All BAME staff must be risk-assessed before seeing patients face-to-face, warns NHS England

All NHS staff from black, Asian or minority ethnic (BAME) groups must be risk assessed to consider whether they should see patients face-to-face during the COVID-19 pandemic, NHS England has warned.

BAME staff at risk (Photo: Science Photo Library/Getty Images)
BAME staff at risk (Photo: Science Photo Library/Getty Images)

Updated advice in the NHS standard operating procedure guidance for primary care warns that staff in shielding groups must not see patients face-to-face irrespective of any risk assessment.

It adds that 'all other staff including BAME staff and people identified as clinically vulnerable who are asked to apply stringent social distancing should be risk assessed to consider if they should see patients face-to-face'.

The update follows sharp criticism from doctors' leaders and others of a Public Health England (PHE) review into the impact of ethnicity, obesity and other factors on COVID-19 outcomes.

BAME COVID-19 risk

The review confirmed people from BAME backgrounds were at increased risk from COVID-19, but failed to present solutions or practical advice for NHS workers or people working in other settings.

The updated operating procedure highlights a 'risk reduction framework for NHS staff' published by the Faculty of Occupational Medicine - and guidance from NHS Employers on risk assessments for NHS staff.

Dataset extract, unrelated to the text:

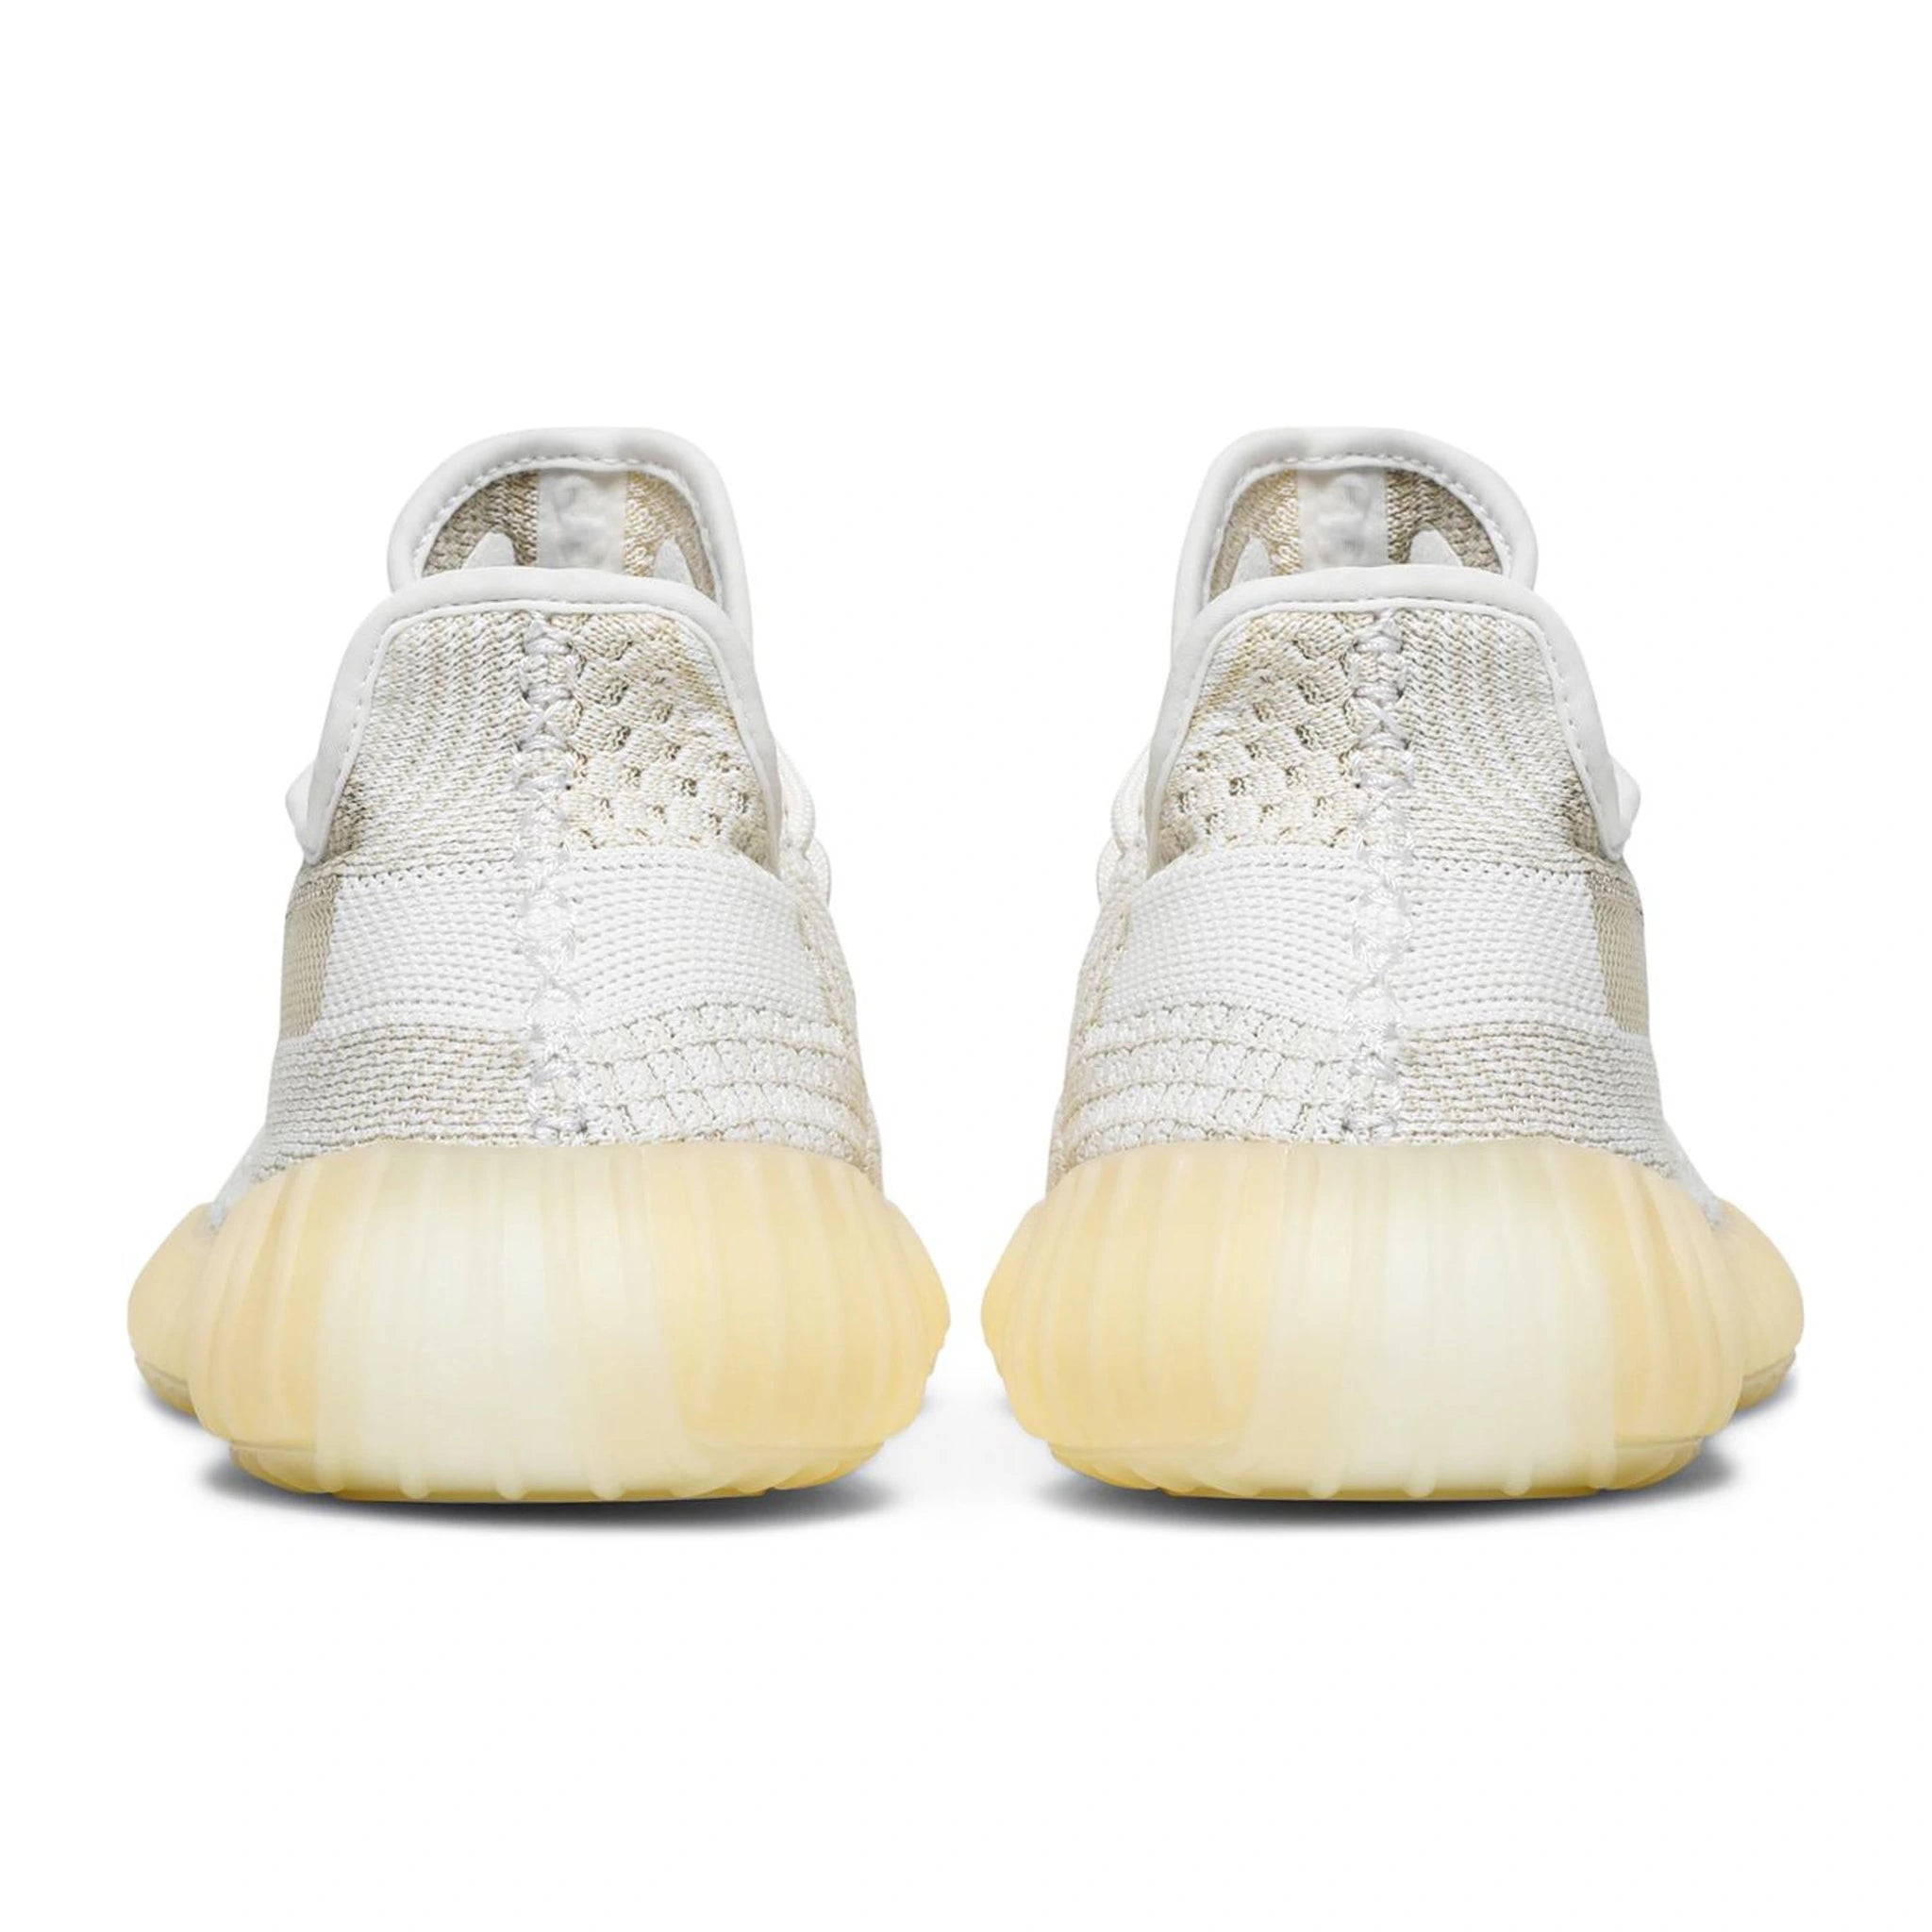 Back view of Adidas Yeezy Boost 350 V2 Natural FZ5246

It adds that NHS staff can also be 'referred to an occupational health professional for further advice and support' - and suggests practices contact their local CCG for to be put in contact with their local occupational health service.

Remote working

NHS guidance makes clear that staff at increased risk from COVID-19 should work remotely where possible and be supported to remain more than two metres from others within the workplace at all times where remote working is not possible.

Findings from the PHE review show that death rates from COVID-19 are highest among patients from BAME groups, reinforcing findings from earlier studies that suggested people from BAME backgrounds faced a two- to three-times higher risk of death.

BMA leaders called the review a 'missed opportunity'. The association's GP committee chair Dr Richard Vautrey told GPonline last week that it 'didn't take much' to understand that practical advice for primary care would need to involve safe working arrangements for those at risk and funding for locum cover if they were unable to work fully.